Overall, 61 public housing authorities (PHAs) are receiving grants to make needed capital improvements at their public housing developments. The awards can be used to install, repair, or replace equipment such as surveillance cameras, fencing, and carbon monoxide detectors that contribute to a safer environment.

“Safety in public housing is a top priority at HUD,” said secretary Marcia L. Fudge. “These funds will help identify and address opportunities to invest in physical improvements and to advance the health and safety of public housing residents.”

The funds are being awarded through the agency’s Capital Fund Emergency Safety and Security program, which supports public housing authorities address the safety of residents. For example, the Gainesville Housing Authority in Florida is receiving a $250,000 award to purchase surveillance cameras, doors, and carbon monoxide detectors for several of its developments.

The New York City Housing Authority, the nation’s largest PHA, is also getting $250,000 to buy surveillance cameras. A number of small PHAs have also been selected to receive funds, including the Fort Scott Housing Authority in Kansas, which is getting $4,500 for carbon monoxide detectors, according to HUD.

“We’ve heard from our partners that strategic investments in physical improvements can have a significant impact on the health and safety of our public housing communities for the families that call them home,” said Dominique Blom, general deputy assistant secretary for HUD’s Office of Public and Indian Housing (PIH). “The Emergency Safety and Security grant awards are an important tool to make public housing more safe for hundreds of families, elderly and persons with disabilities.”

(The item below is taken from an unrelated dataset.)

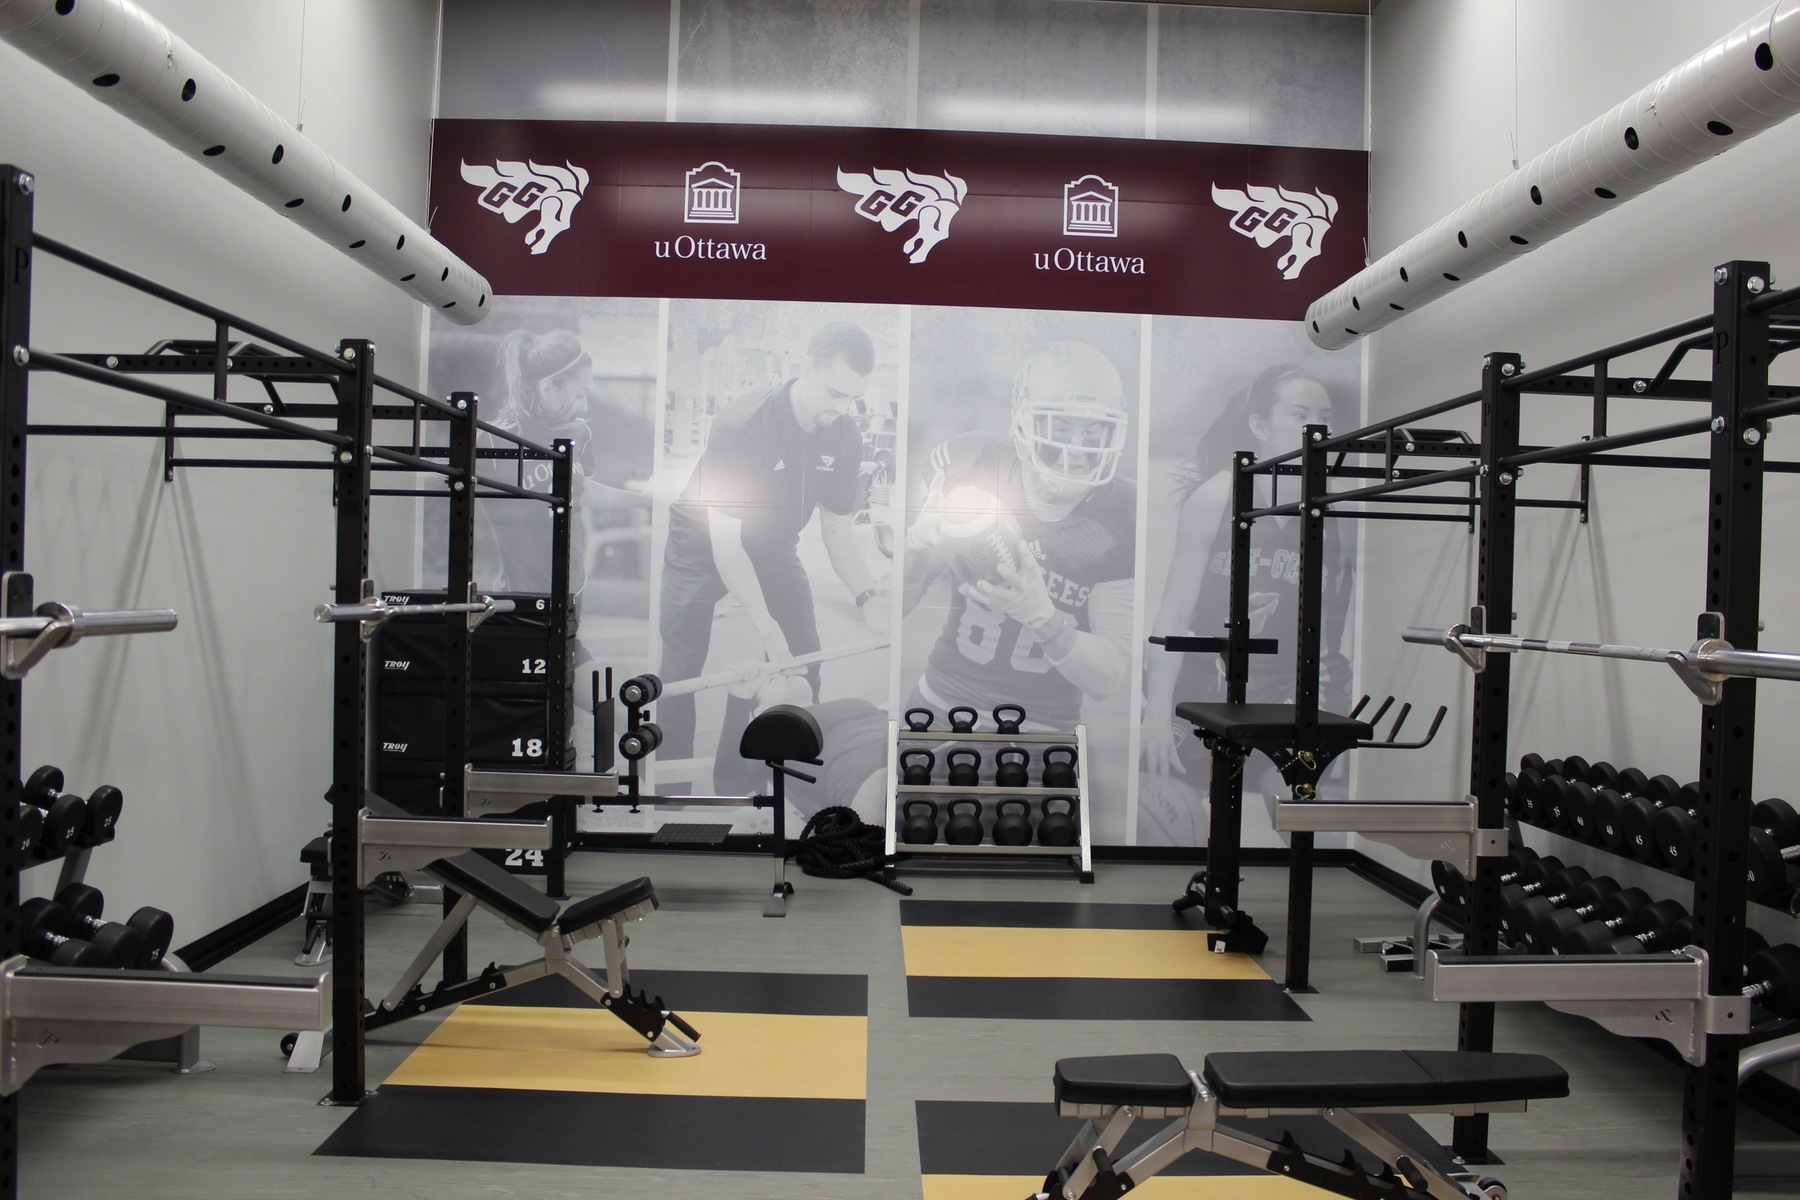 A view inside another room in the high performance centre with different equipment.
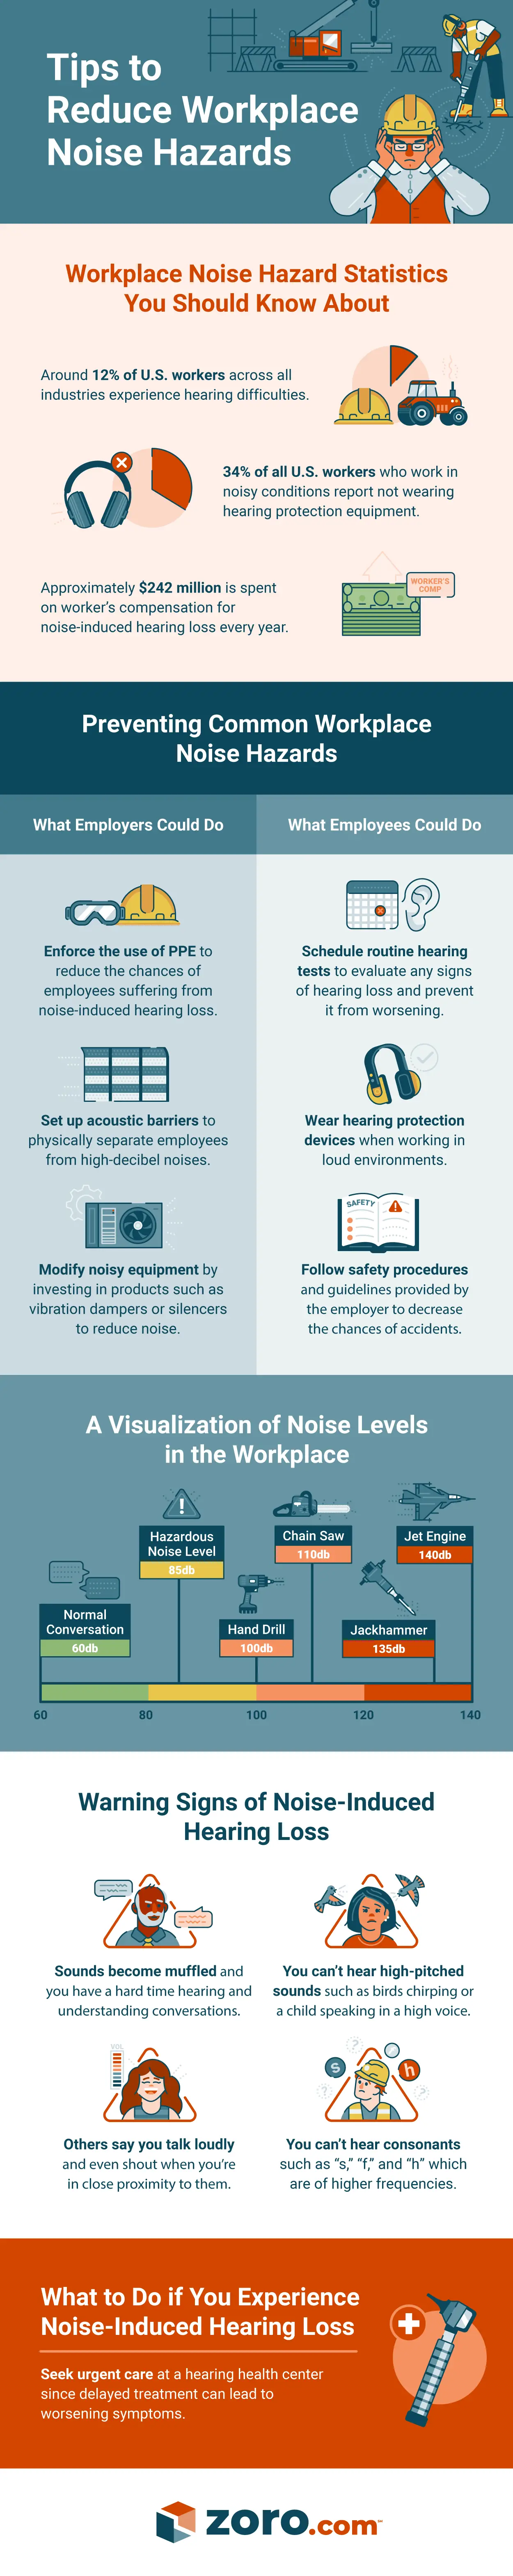 tips-to-reduce-workplace-noise-hazards_0.png

The federal agency shared the full list of awardees here.

With these set-aside funds, Congress may appropriate specific funding for safety and security, including measures necessary to address crime and drug-related activity. HUD's PIH can further elect to include costs related to the purchase, repair, replacement, and installation of carbon monoxide detectors as eligible activities.

According to HUD, these funds also support the Biden-Harris administration’s Comprehensive Strategy to Prevent and Respond to Gun Crime and Ensure Public Safety.